After several years of battling recurring infections, the last thing a patient and her doctors ever expected was that the cause of her problems might actually help millions live longer, more active lives. Now, researchers have high hopes because Edward Goetzl and his colleagues from the University of California and The Ohio State University discovered that the patient made a unique antibody to her own T cells, the cells that mediate much of autoimmunity. Acting on the surface of T cells via a novel mechanism, the antibody reduced the number of T cells in her blood stream: a result that usually requires a host of "immunosuppressive" and possibly toxic drugs. Their research discovery, published online in The FASEB Journal, may lead to entirely new therapies for a wide range of autoimmune disorders, such as colitis, lupus, rheumatoid arthritis, inflammatory bowel disease, and multiple sclerosis, as well as new ways to prevent transplant rejection.

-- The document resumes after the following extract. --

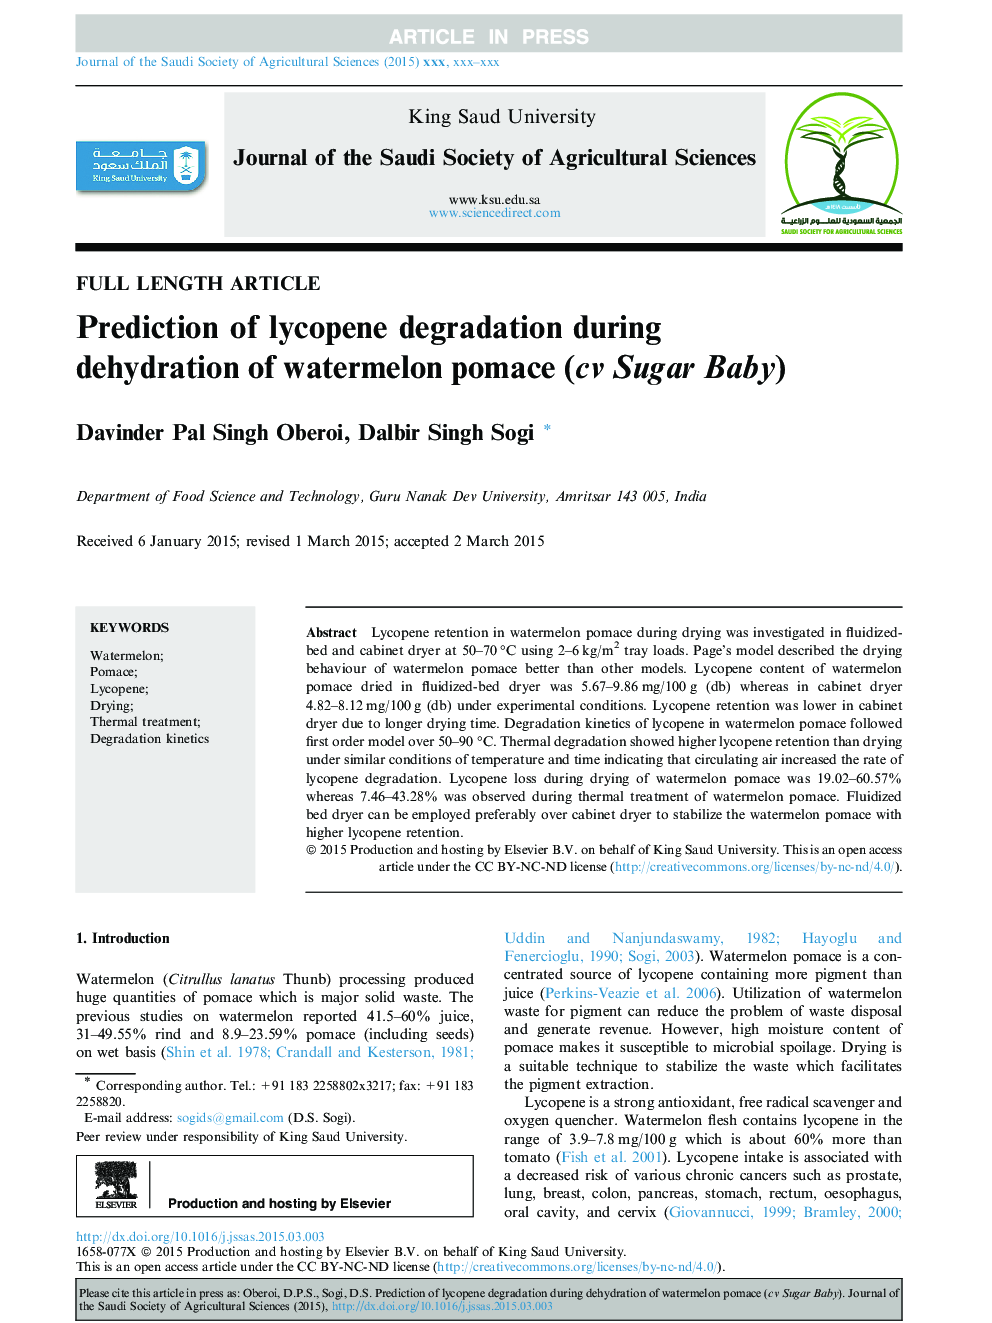 Prediction of lycopene degradation during dehydration of watermelon pomace (cv Sugar Baby)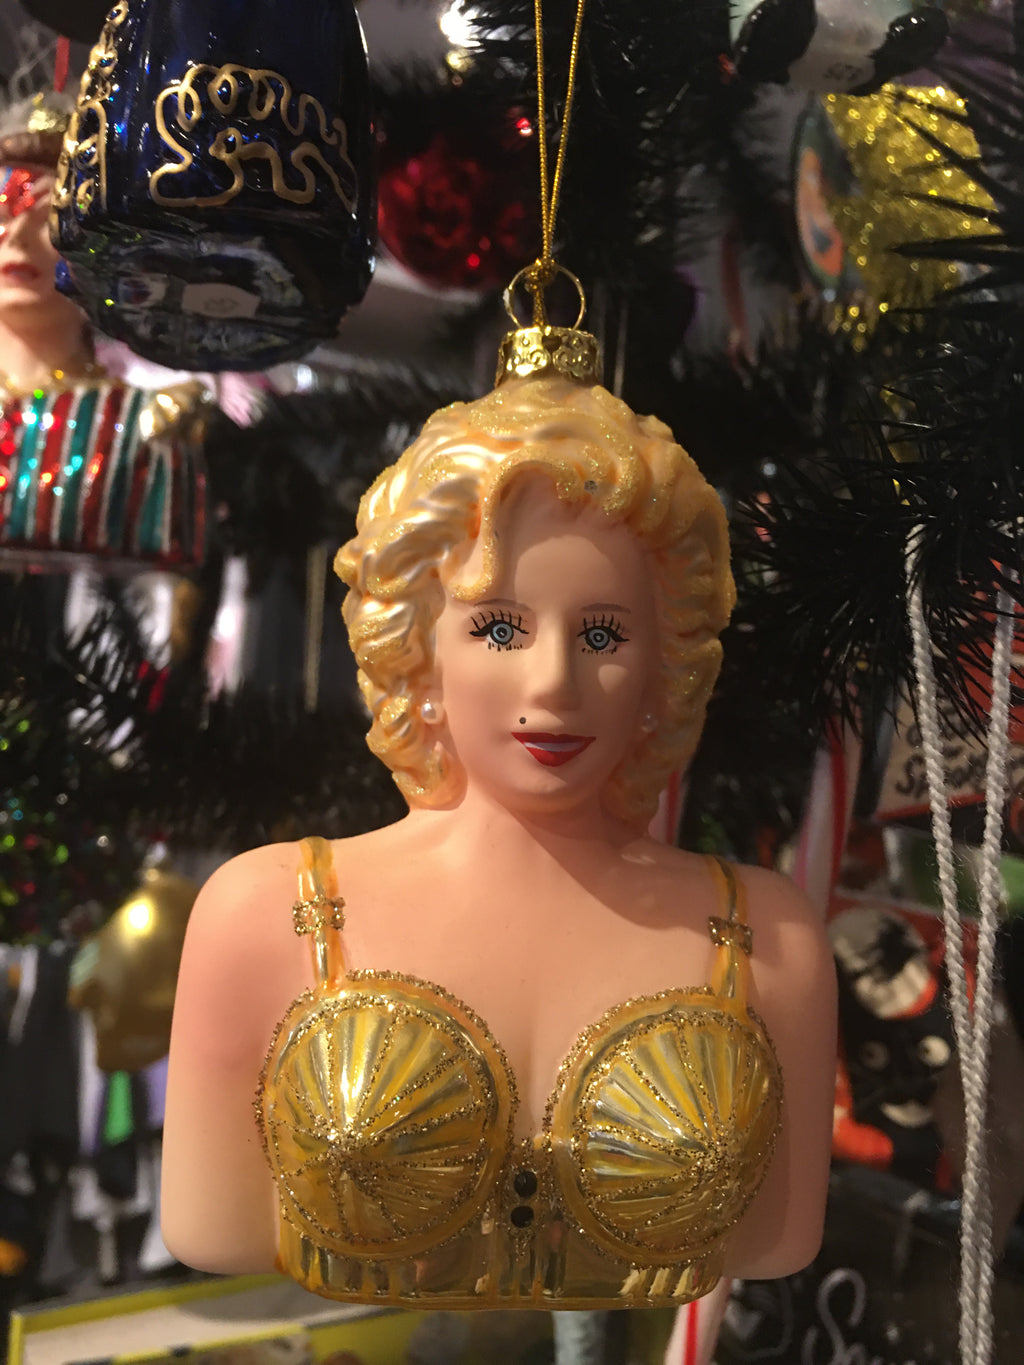 Madonna Glass Ornament

"The possibility that these antibodies can be used to treat diverse autoimmune diseases with minimal risk of infections represents a new horizon for reversing these disabling and often fatal conditions," said Edward Goetzl, a senior researcher involved in the study.
In the research report, Goetzl and colleagues explain how they discovered that the antibodies produced by this patient blocked the sphingosine 1-phosphate (S1P) receptor on T cells. The S1P receptor is a cell-surface antenna that receives signals telling T cells to leave the lymph nodes and patrol the body. When this antenna was disabled, the T cells failed to leave the lymph nodes (chemotaxis), reducing their numbers in the bloodstream. Taking this discovery one step further, the researchers created more of the patient's antibodies in the laboratory and gave them to mice with colitis (an autoimmune disorder). After receiving the antibodies, symptoms of colitis were reduced.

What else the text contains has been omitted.